> [WORK TO BE COMPLETED]: What is needed is a copy of each line in the listing below that contains "allowed".

(RECORDS FOR THIS TASK begins)

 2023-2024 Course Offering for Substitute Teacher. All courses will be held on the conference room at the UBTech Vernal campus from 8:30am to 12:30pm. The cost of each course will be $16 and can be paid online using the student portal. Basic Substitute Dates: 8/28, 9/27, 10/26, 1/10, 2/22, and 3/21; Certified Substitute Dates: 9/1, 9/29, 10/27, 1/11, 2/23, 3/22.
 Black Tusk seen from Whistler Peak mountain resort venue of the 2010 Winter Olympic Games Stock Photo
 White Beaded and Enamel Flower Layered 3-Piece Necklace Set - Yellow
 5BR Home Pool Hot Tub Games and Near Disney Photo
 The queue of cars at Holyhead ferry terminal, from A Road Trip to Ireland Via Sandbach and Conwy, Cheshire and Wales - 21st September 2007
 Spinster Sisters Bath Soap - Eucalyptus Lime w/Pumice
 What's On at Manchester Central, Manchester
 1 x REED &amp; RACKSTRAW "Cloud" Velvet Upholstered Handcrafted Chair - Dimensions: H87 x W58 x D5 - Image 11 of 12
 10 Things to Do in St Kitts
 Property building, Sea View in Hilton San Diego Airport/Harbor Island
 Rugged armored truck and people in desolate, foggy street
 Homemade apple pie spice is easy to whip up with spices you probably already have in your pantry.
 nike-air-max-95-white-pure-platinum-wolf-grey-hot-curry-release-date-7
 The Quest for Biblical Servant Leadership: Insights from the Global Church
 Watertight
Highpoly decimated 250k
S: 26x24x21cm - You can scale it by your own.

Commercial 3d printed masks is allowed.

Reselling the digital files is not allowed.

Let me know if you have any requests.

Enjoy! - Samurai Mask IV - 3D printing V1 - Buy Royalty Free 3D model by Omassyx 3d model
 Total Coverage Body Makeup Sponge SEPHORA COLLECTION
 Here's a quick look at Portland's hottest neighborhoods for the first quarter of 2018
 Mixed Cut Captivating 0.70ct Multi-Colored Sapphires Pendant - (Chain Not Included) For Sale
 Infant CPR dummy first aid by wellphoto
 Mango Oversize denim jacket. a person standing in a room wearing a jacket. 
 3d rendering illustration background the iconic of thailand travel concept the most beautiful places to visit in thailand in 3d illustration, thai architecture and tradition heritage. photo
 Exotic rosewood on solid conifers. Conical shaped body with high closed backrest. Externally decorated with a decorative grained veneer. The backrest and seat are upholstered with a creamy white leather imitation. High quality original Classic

(RECORDS FOR THIS TASK ends)

> [RESPONSE]:
Commercial 3d printed masks is allowed.
Reselling the digital files is not allowed.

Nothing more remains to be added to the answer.